Cambodia has the homeless and drug addicts, but as Cambodia becomes more urbanised, I wonder if they'll also have hikikomoris--young people who cannot cope with the system, or choose not to. In Singapore, I knew of a 30-something man like this. He would not get a job, lived with his parents who eventually gave up on him but yet allowed to him to continue as he did. Occasionally he would buy expensive things using his parents' credit card--without permission of course. I always wondered why his parents did not throw him out of the house.

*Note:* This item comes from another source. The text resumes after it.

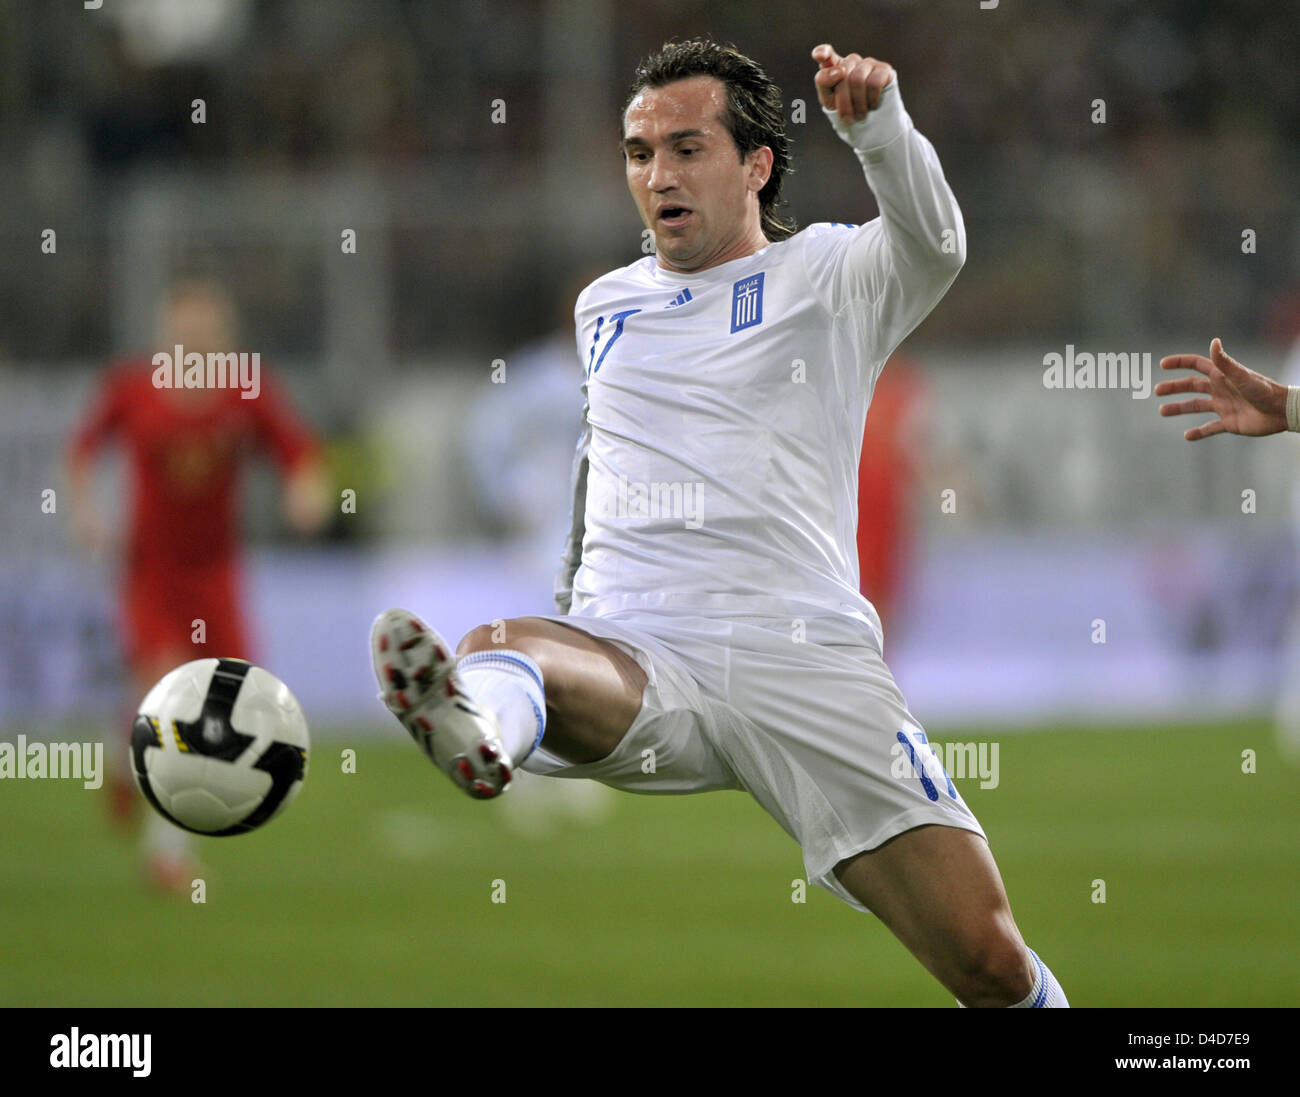 Greece's striker Theofanis Gekas volley-shoots the ball in the test cap Portugal v Greece at LTU Arena stadium in Duesseldorf, Germany, 26 March 2008. Greece defeated Portugal 2-1. Photo: Achim Scheidemann Stock Photo

I have met middle-class Cambodian mothers who say their sons, while not shutting themselves out, take to drink and drugs and in general live off their parents' wealth, without a thought of the future. I wonder if they'll grow up or will they form another class of social deviants Cambodia will have to deal with.

1 comment:

leahch said...

I like your comparison, but have to disagree with your theory. Hikikomori first off is essentially a form of social anxiety and severe agoraphobia, while the drug/alcohol abuse in Cambodia is due to many things such as boredom, extreme poverty and PTSD. Also Hikikomori is very culturally specific to the pressures of having a limited number of children in a household matched with very high (educational/career/social) expectations starting at a young age. It also includes the severe bullying seen in Japanese and Korean schools that essentially completely isolates the unpopular child from both peers and faculty (yes, teachers do bully students that dont fit in). Also, Japanese/Korean parents are able to support their shut-in children almost indefinitely, while that is not feasible in Cambodia. Japanese/Korean parents tend to support a shut-in and avoid confrontation and possible shame on the family, while Cambodians would see more shame in having their child be lazy or unable to contribute to the family.